Exercise directions. A single number is expected: the count of lines below where the word "Silver" occurs.

Data excerpts
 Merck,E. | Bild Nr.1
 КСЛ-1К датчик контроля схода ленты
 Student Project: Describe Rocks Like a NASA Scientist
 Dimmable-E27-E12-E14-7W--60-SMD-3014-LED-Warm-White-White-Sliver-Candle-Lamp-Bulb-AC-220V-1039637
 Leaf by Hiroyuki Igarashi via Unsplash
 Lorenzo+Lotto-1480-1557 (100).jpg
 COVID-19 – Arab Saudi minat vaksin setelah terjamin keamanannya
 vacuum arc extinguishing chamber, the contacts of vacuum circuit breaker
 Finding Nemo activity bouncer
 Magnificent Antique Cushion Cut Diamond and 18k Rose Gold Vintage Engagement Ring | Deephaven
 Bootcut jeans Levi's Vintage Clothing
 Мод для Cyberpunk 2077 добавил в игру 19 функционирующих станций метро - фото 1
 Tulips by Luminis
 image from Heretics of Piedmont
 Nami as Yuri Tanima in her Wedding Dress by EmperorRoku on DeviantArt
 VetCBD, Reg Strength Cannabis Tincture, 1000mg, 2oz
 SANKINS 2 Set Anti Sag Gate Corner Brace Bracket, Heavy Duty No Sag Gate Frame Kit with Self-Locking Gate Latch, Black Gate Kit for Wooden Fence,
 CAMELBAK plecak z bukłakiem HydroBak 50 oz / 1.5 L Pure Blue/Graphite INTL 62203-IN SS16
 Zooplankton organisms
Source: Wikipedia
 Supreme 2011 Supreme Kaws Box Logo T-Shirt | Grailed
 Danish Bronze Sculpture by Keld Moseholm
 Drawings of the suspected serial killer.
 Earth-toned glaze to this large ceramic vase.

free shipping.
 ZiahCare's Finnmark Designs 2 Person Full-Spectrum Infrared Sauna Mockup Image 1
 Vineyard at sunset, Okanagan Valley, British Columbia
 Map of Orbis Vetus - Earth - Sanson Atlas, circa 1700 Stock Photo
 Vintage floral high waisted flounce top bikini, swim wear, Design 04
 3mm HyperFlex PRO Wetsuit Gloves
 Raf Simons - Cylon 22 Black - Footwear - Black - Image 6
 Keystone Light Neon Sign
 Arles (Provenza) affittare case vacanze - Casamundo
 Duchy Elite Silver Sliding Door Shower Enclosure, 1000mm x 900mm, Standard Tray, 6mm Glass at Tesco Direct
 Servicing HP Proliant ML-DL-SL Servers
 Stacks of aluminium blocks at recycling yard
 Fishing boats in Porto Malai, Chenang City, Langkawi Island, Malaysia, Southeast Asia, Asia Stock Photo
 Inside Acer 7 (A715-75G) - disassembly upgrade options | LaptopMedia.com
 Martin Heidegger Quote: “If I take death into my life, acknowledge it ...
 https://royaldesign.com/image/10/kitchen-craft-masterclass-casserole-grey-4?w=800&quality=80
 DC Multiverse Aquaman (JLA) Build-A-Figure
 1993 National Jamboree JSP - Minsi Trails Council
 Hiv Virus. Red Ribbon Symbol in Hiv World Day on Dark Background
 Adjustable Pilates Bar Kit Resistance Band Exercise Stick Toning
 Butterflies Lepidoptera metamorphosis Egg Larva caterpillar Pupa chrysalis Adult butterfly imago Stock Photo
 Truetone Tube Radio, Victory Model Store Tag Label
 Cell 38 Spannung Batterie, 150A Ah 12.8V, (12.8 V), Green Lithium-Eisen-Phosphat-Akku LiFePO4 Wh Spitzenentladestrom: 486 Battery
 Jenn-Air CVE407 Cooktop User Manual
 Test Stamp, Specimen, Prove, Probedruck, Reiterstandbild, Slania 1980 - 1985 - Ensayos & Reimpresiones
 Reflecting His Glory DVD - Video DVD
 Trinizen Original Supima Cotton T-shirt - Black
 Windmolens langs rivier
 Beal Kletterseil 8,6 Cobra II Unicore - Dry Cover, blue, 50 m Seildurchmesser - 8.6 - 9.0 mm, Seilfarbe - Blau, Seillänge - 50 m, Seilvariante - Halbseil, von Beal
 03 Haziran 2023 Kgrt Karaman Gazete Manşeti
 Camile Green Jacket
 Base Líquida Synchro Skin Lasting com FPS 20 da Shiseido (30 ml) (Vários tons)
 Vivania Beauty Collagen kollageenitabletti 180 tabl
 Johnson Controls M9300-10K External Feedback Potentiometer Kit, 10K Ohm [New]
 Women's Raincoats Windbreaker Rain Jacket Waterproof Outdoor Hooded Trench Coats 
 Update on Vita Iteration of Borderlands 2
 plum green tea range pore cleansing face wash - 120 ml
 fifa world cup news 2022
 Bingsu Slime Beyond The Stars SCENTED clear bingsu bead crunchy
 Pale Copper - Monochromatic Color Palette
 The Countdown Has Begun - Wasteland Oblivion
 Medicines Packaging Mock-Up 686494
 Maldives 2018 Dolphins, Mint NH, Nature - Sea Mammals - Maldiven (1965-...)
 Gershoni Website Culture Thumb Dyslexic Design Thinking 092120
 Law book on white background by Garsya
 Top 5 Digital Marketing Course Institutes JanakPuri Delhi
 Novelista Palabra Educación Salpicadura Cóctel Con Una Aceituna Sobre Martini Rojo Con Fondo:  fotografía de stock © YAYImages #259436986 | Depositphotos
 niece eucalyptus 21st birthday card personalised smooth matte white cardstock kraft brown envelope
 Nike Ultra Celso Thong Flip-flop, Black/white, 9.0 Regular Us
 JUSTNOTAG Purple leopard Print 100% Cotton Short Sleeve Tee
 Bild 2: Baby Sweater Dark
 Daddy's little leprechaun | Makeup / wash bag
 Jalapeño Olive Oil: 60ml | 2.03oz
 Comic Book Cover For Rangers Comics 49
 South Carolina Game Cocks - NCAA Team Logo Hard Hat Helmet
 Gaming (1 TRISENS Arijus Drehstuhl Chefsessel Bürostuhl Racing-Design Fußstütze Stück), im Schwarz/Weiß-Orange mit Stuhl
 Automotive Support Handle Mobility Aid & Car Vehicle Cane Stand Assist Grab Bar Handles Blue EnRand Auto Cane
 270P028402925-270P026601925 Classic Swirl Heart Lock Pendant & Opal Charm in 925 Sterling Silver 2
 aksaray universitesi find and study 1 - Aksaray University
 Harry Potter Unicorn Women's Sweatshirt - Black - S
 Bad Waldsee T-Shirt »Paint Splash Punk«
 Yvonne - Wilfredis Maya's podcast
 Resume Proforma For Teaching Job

Answer below. 2